5. The method according to claim 4, wherein, The extraction of the context features based on the query features, the weighted key features, and the weighted value features includes: The attention score is determined based on the query features, the weighted key features, and the scaling factor; The attention scores are normalized to obtain the attention weights; The context features are obtained by weighting the weighted features based on the attention weights.

6. The method according to any one of claims 1 to 5, wherein, Before constructing a target base sequence of a predetermined length at the target site of the base sequence to be tested, the method further includes: The original electrical signals of each base corresponding to the nucleic acid data in the nanopore; The original electrical signal is converted into the base sequence to be tested.

7. The method according to any one of claims 1 to 5, applied to a detection model, wherein, The detection model includes a feature alignment network and a feature extraction network; The feature alignment network is used to align and fuse the base features, the target base sequence, and the original electrical signal; the feature extraction network is used to extract contextual features from the fused sequence features.

8. The method according to claim 7, wherein, The method further includes: Collect a set of DNA methylation samples; Based on the target sites in the methylated sample sequences of the DNA methylation sample set, a sample base sequence of the preset length is constructed; Feature extraction is performed on the sample base sequence to obtain the base features of the sample base sequence; The detection model is trained based on the sample base sequence, the base characteristics of the sample base sequence, and the original electrical signal.
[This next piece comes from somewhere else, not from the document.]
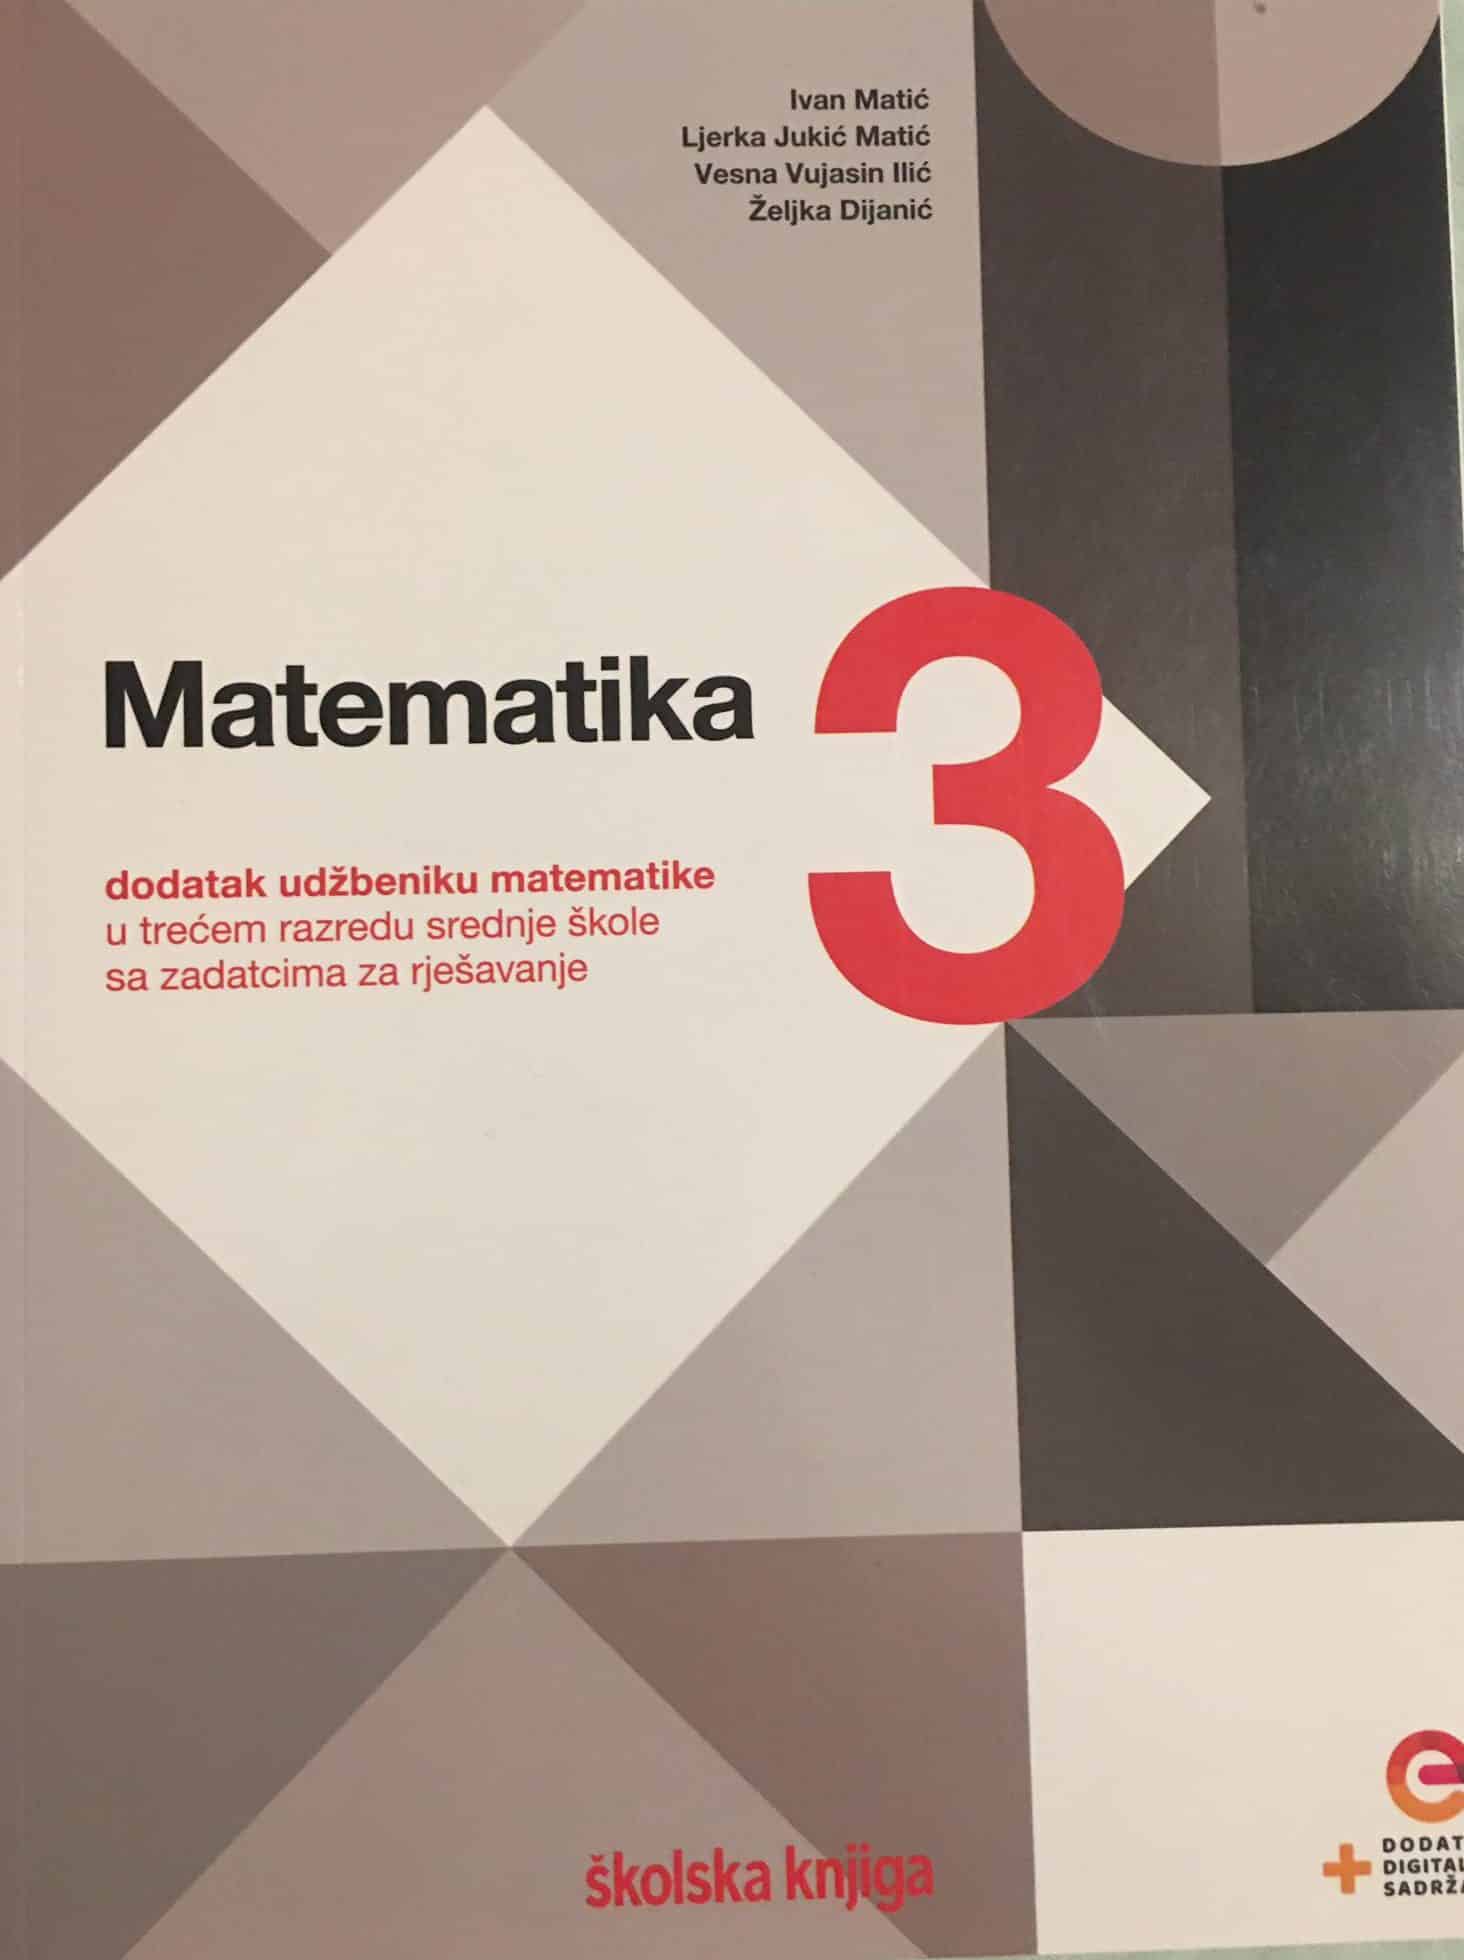 MATEMATIKA 3: dodatak udžbeniku matematike u trećem razredu srednje škole sa zadatcima za rješavanje autora Ivan Matić, Ljerka Jukić Matić, Vesna Vujasin Ilić, Željka Dijanić

9. A methylation detection device, wherein, The device includes: The construction module is used to construct a target base sequence of a preset length at the target site of the base sequence to be tested; The extraction module is used to extract the base features corresponding to the target base sequence; The processing module is used to align and fuse the original electrical signals of each base in the base features, the target base sequence, and the base sequence to be tested to obtain fused sequence features; The representation module is used to extract context features from the fused sequence features to obtain context features; The classification module is used to perform methylation classification based on the context features to obtain the classification result.

10. A computer device comprising a memory and a processor, wherein the memory stores a computer program, wherein... When the processor executes the computer program, it implements the steps of the method according to any one of claims 1 to 8.

11. A computer-readable storage medium having a computer program stored thereon, wherein, When the computer program is executed by a processor, it implements the steps of the method according to any one of claims 1 to 8.

12. A computer program product comprising a computer program, wherein, When the computer program is executed by a processor, it implements the steps of the method according to any one of claims 1 to 8.